To exclude the possibility that ALO inhibits the pain-like behaviors responses through suppression of motor activity, we performed spontaneous locomotor activity and motor coordinate tests. The saline pretreated mice had an average spontaneous exploratory movement of 200 times per 5min. Pretreatment with ALO (80, 40, 20 mg/kg) did not influence the motor activity (Fig. 4A). Similarly, the average time that amouse could stay on a rotating rod was 290 s in saline pretreated group. Pretreatment with ALO had no effect on the time mice could stay on the rod. (Fig. 4B). These results suggest that ALO has no motor inhibitory effect.

Fig. 4

(A) Effects of ALO on locomotor activity test. (B) Effects of ALO on motor coordination test. Mice were treated with saline or ALO (20, 40 and80mg/kg). N = 10 in each group. * p < 0.05, ** p < 0.01 vs. control group.
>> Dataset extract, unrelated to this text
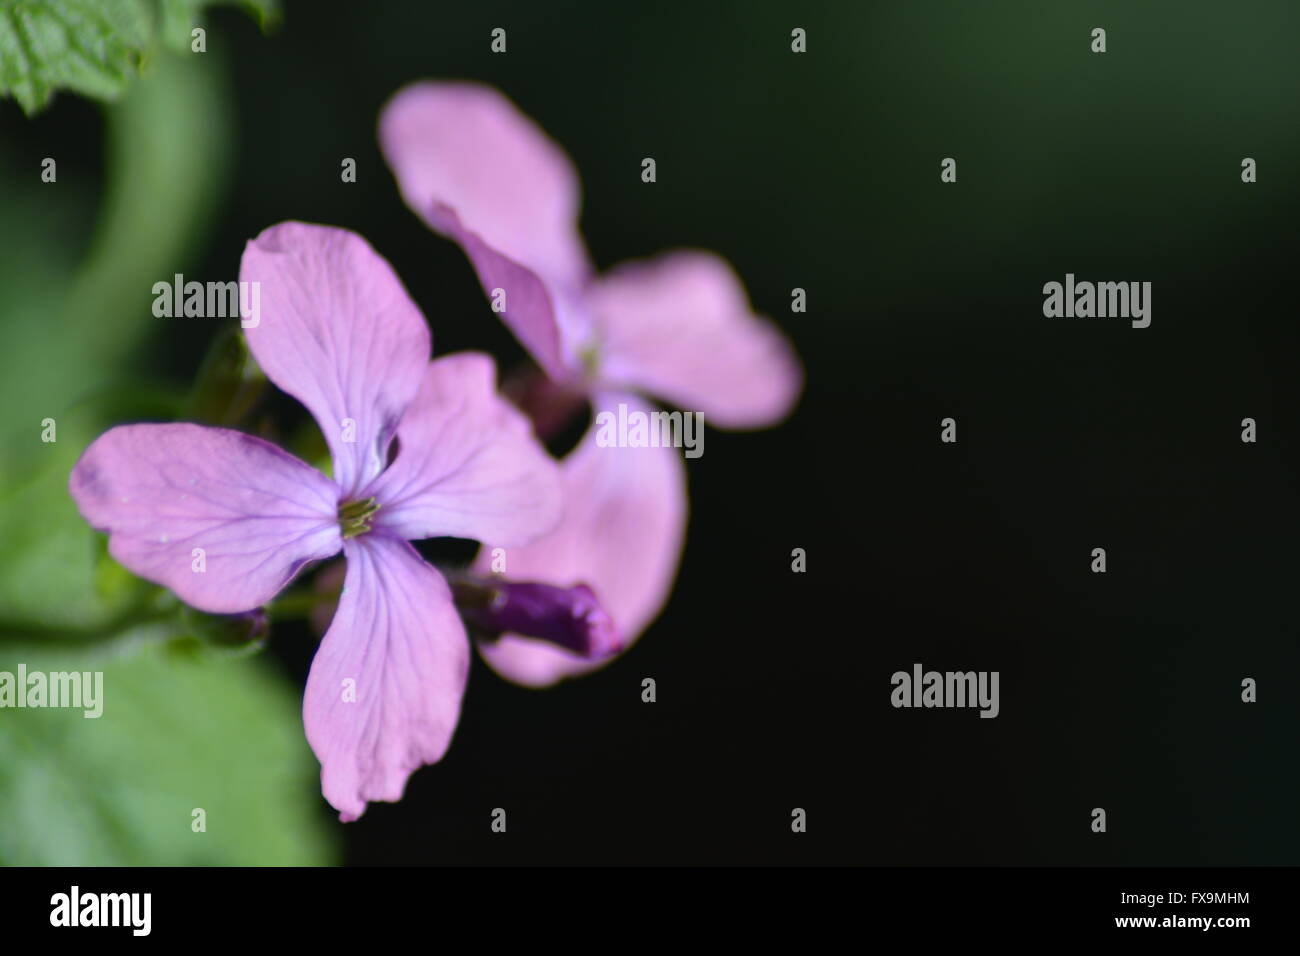 Flowering periwinkles in spring Stock Photo

Data were presented as the mean±S.E.M.

3.6 Mouse ear swelling test (MEST)

The MEST was performed on the right ear and left ear served as reference. Pretreatment with ALO at dosages of 40 and 80mg/kg significantly reduced ear swelling comparing to that of saline-treated control (p < 0.01). Low dose of ALO (20mg/kg) did not reduce the ear swelling (p > 0.05). The Asp (400 mg/kg) effect was equivalent to that of 80mg/kg ALO (p < 0.01) in reducing ear swelling (Fig. 5).

Fig. 5

Effects of ALO on ear swelling test. Mice were treated with saline, aspirin (400 mg/kg), or ALO (20, 40 and 80mg/kg). N = 10 in each group. * p <0.05, ** p <0.01 vs. control group (xylene topical ear application). Data were presented as the mean±S.E.M.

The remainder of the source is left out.